Table 2 Maximum load sustained [EBs]

Full size table

The only deployment of the TPC-W benchmark which was able to sustain our maximum load of 9000 EBs (i.e., simulated concurrent users of a book store) was MS SQL Azure. Amazon RDS drops out at 3750 EBs. The reason why MS SQL Azure out-scales Amazon RDS although they use a similar architecture (see Sect. 4.1) is, that Amazon RDS uses a less powerful machine for the primary copy. As a matter of fact, MS SQL Azure also has an inherent scaling limit of the master copy, which was simply not reached in this experiment. Amazon SimpleDB was able to handle a load of 1000 EBs before it started to drop write requests. The worst performance in this experiment had Google AppEngine with only 500 EBs. The main reasoning behind it is, that we tried to follow the TPC-W specification as close as possible including the consistency requirements. Google AppEngine offers transactions so we used it to implement the consistency requirement of TPC-W. Only afterwards, we were informed, that Google AppEngine does not implement concurrent transactions. Thus, Google AppEngine was executing one transaction at a time. We assume, that without using the offered transaction guarantees, Google AppEngine would have been able to scale further.

4 Big Questions

The previous two sections described the promises of cloud computing and analyzed the state-of-the-art. Our conclusion is that cloud computing does not yet live up to its promises. One reason may be that the products are not yet mature. That is reasonable because most offerings have been launched only recently and we expect all products to make quantum leaps in cost and performance in the near future. There seem to be, however, also more fundamental design issues on how to build a PaaS for cloud computing. This section summarizes the discussions on seven such design questions that we have been debating with people in the research community and industry.

4.1 How to Partition the Data?

Figure 2a shows the reference architecture of Web-based data services. (HTTP)-requests from clients are handled by a Web server which passes them to an application server. The application server executes the application logic written in a programming language like Java or C#. The application code includes calls to the database in order to read and write objects; typically, those calls are implemented using SQL. Calls to the database are handled by a database server. The database server evaluates the SQL queries and synchronizes concurrent calls to the same data. Finally, the data is stored persistently by a storage system. The storage system could be a Storage Area Network (SAN) or disks which are attached locally to the machine that runs on the database server.

The big question is how to map the components of the architecture of Fig. 2a to (virtual) machines in the cloud. As will become clear in the remainder of this subsection, the answer to this question implies how data is partitioned, how the consistency of the data is maintained, and how load balancing is carried out. Figures 2b and 2c sketch two fundamentally different approaches to answer these questions.
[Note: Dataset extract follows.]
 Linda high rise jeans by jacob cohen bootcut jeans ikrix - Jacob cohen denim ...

Figure 2b sketches the approach that was pioneered by Salesforce. The idea is to partition the data by tenant. A tenant is a customer of the Force.com cloud. Correspondingly, all requests will be routed by tenant. That is, all requests of the same customer are handled by the same Web server, application server, and database server. The Web and app servers of several tenants can be hosted by the same machine. Likewise, the same machine can serve the database of many tenants.
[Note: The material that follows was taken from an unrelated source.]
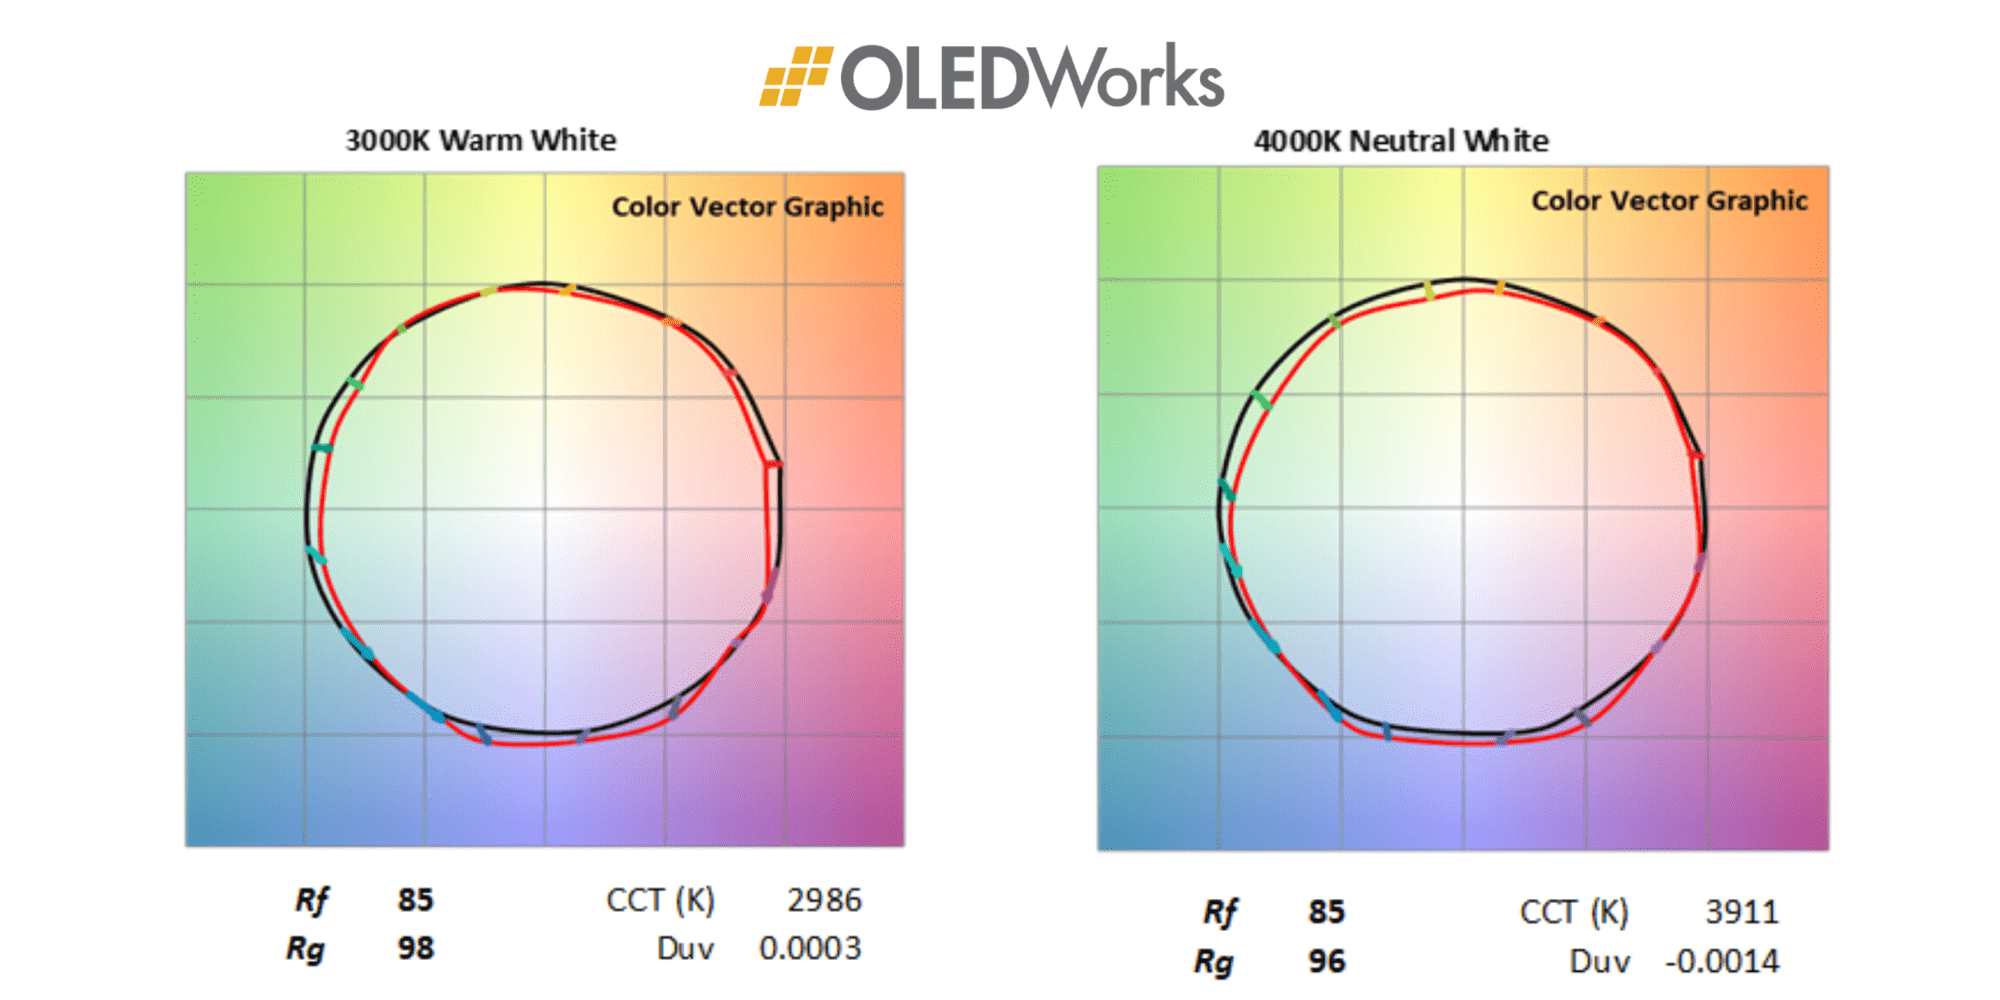 Brite 3 Color Vectors | OLEDWorks

The big advantage of the Salesforce approach is that off-the-shelf Web, app, and database servers can be used. Furthermore, several small customers can share the same machine so that a high utilization can be achieved, one of the most important goals of cloud computing (Sect. 2). On the negative side, Salesforce needs to apply complex optimizations in order to determine which set of tenants should be hosted by which machine. Essentially, this task involves solving a dynamic bin-packing problem. If the load of a tenant grows, it may become necessary to move it (or another co-located tenant) to a different machine in order to meet the SLAs.

The architecture of Fig. 2b has also been adopted by Microsoft as part of its SQL Azure service. In SQL Azure, applications define a logical unit of consistency. This logical unit of consistency represents a set of tables that are managed by the same database server. All requests to data of such a logical unit of consistency are synchronized by that database server. Again, SQL Azure hosts several logical units of consistency with a single machine, thereby solving a similar bin-packing problem as Salesforce. In order to limit the cost of moving logical units of consistency between machines, SQL Azure limits the size of a logical unit of consistency; currently, the limit is 50 GB. If a service requires access to a larger data pool, the application code of that service must federate between several logical units of consistency. Currently, Microsoft provides no support for this federation task.

The biggest downside of the approach is, that the architecture requires finding a partitioning scheme, and that the load of every partition fits entirely on at least one server. In the light of many new social applications data becomes increasingly more connected. Thus, finding a good partitioning scheme becomes increasing more complicated.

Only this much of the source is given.